Example: The perimeter of a rectangle is 25.5 m, and its length is 9.5 m. Calculate its area.
Solution:

• Perimeter = 2(l + b) = 25.5.
• 2(9.5 + b) = 25.5.
• 9.5 + b = 12.75.
• b = 3.25 m.
• Area = l × b = 9.5 × 3.25 = 30.875 m².

Example: The area of a square field is 484 m². Find the length of its side and diagonal (correct to two decimal places).
Solution:

• Area = a² = 484.
• Side = a = √484 = 22 m.
• Diagonal = a√2 = 22 × 1.414 ≈ 31.11 m.

Example: Two adjacent sides of a parallelogram are 15 cm and 10 cm. If the distance between the 15 cm sides is 8 cm, find the distance between the 10 cm sides.
Solution:

• Area = base × height.
• With base 15 cm and height 8 cm: Area = 15 × 8 = 120 cm².
• With base 10 cm and height h: 10 × h = 120.
• h = 12 cm.

Example: In rhombus PQRS, PQ = 3 cm, and height is 2.5 cm. Calculate the perimeter and area.
Solution:

• Perimeter = 4 × 3 = 12 cm.
• Area = base × height = 3 × 2.5 = 7.5 cm².

Example: A trapezium ABCD has parallel sides DC = 15 cm, AB = 23 cm, and non-parallel sides DA = 10 cm, BC = 8 cm. Find its area.
Solution:

• Draw CE parallel to DA, forming parallelogram AECD.
• AE = DC = 15 cm, so EB = AB - AE = 23 - 15 = 8 cm.
• In triangle EBC: sides EB = 8 cm, CE = DA = 10 cm, BC = 8 cm.
• Semi-perimeter s = (8 + 10 + 8) / 2 = 13 cm.
• Area of triangle EBC = √[13(13 - 8)(13 - 10)(13 - 8)] = 5√39 cm².
• Area = ½ × EB × CF = 5√39.
• CF = (5√39) / 4 cm (height of trapezium).
• Area of trapezium = ½ × (15 + 23) × (5√39 / 4) ≈ 148.32 cm².
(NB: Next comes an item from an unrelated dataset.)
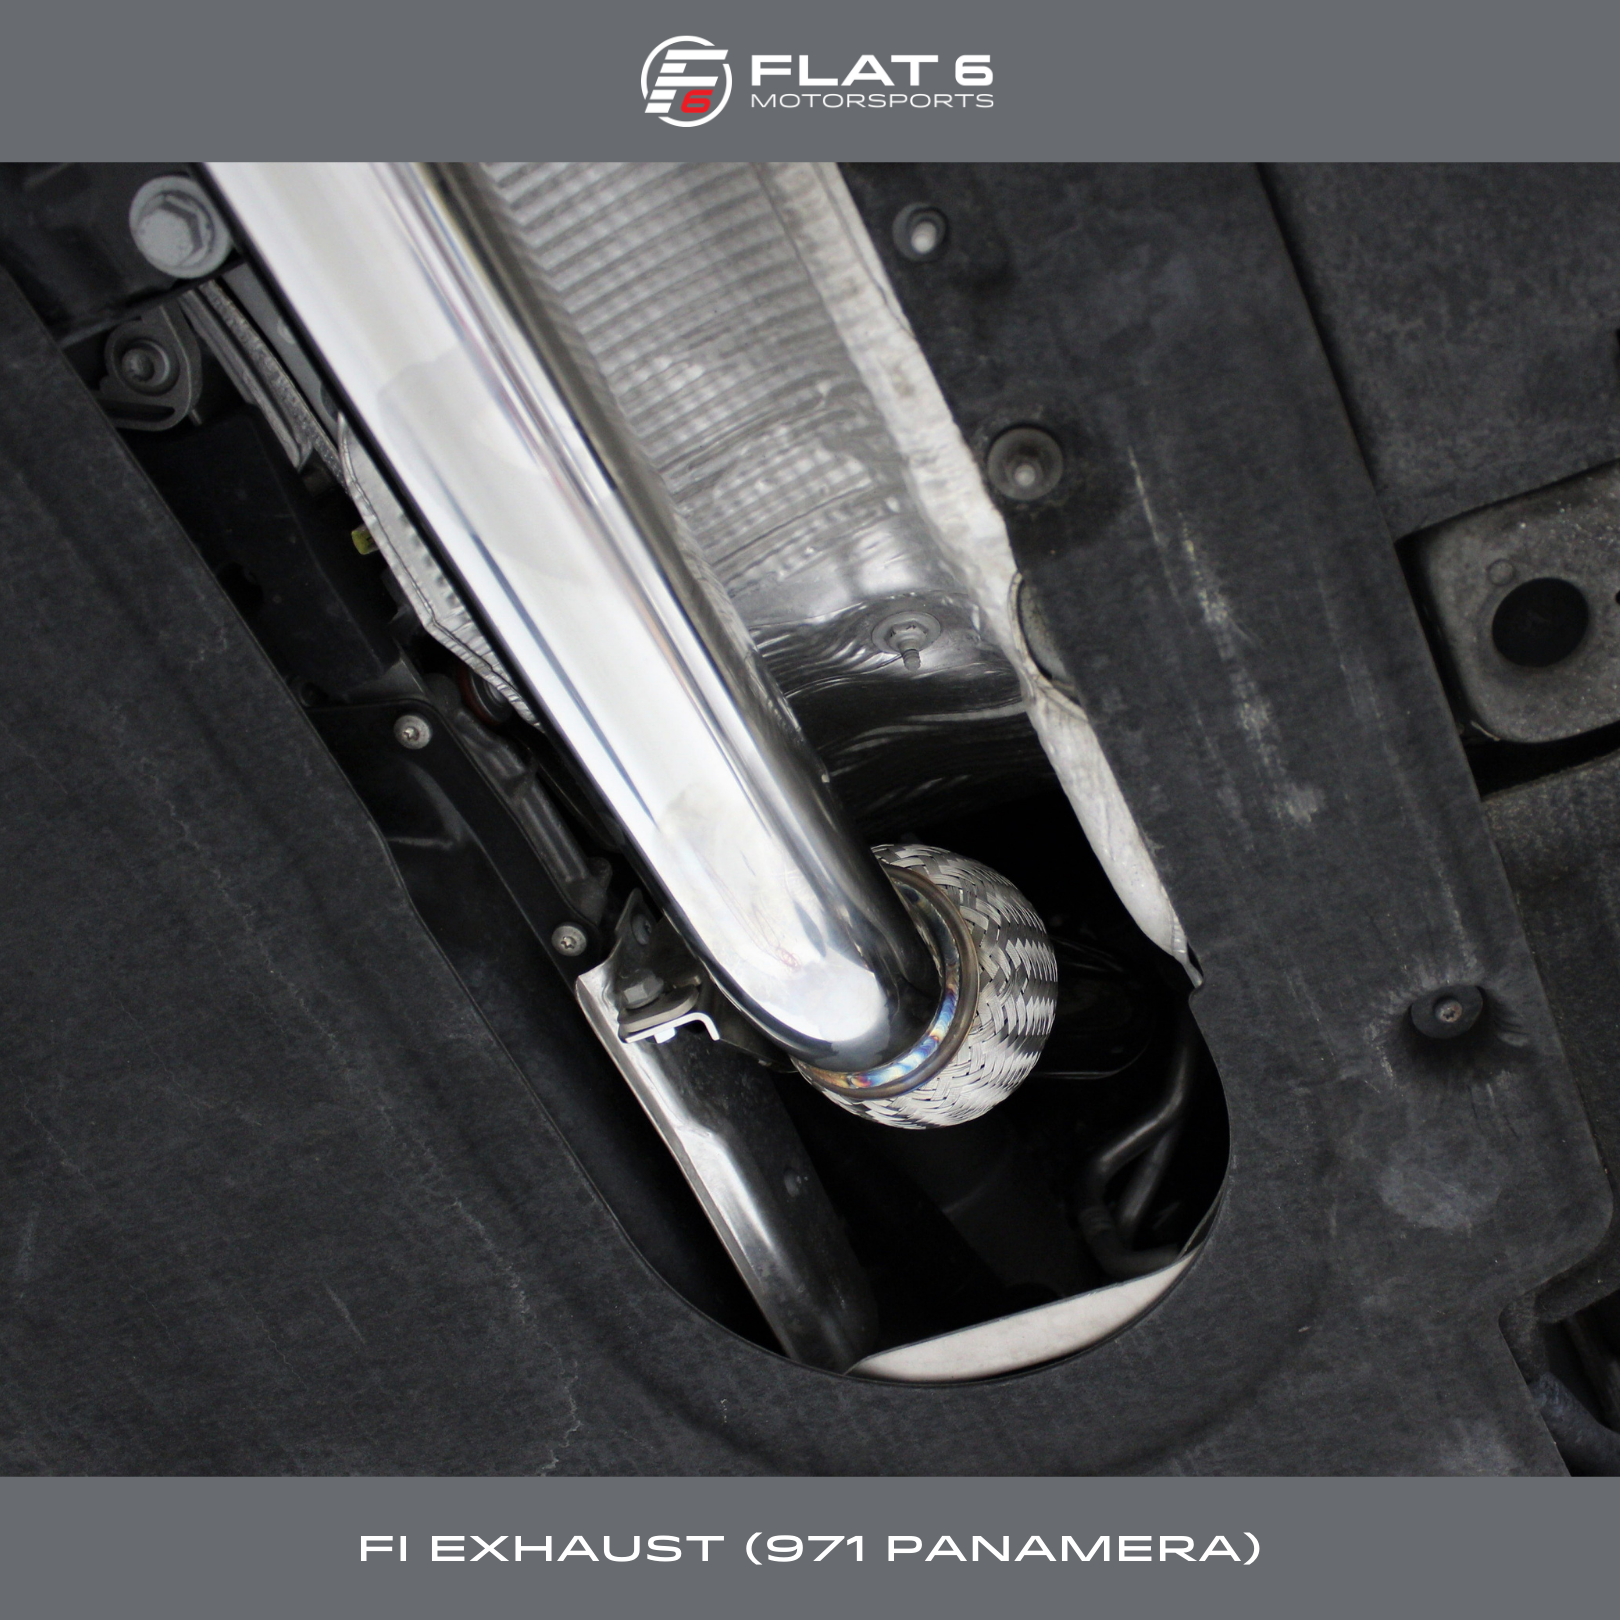 Porsche 971 Panamera Turbo - Fi Exhaust

Example: The circumference of a circle exceeds its diameter by 270 cm. Find its diameter.
Solution:

• Let radius = r cm.
• Circumference = 2πr, diameter = 2r.
• Given: 2πr - 2r = 270.
• 2r(π - 1) = 270.
• 2r(22/7 - 1) = 270.
• 2r × 15/7 = 270.
• r = (270 × 7) / (2 × 15) = 63 cm.
• Diameter = 2 × 63 = 126 cm.

Example: The area of a circle is numerically equal to its circumference. Find its area (Take π = 3.14).
Solution:

• Let radius = r.
• Area = πr², Circumference = 2πr.
• Given: πr² = 2πr.
• r = 2.
• Area = π × 2² = 3.14 × 4 = 12.56 square units.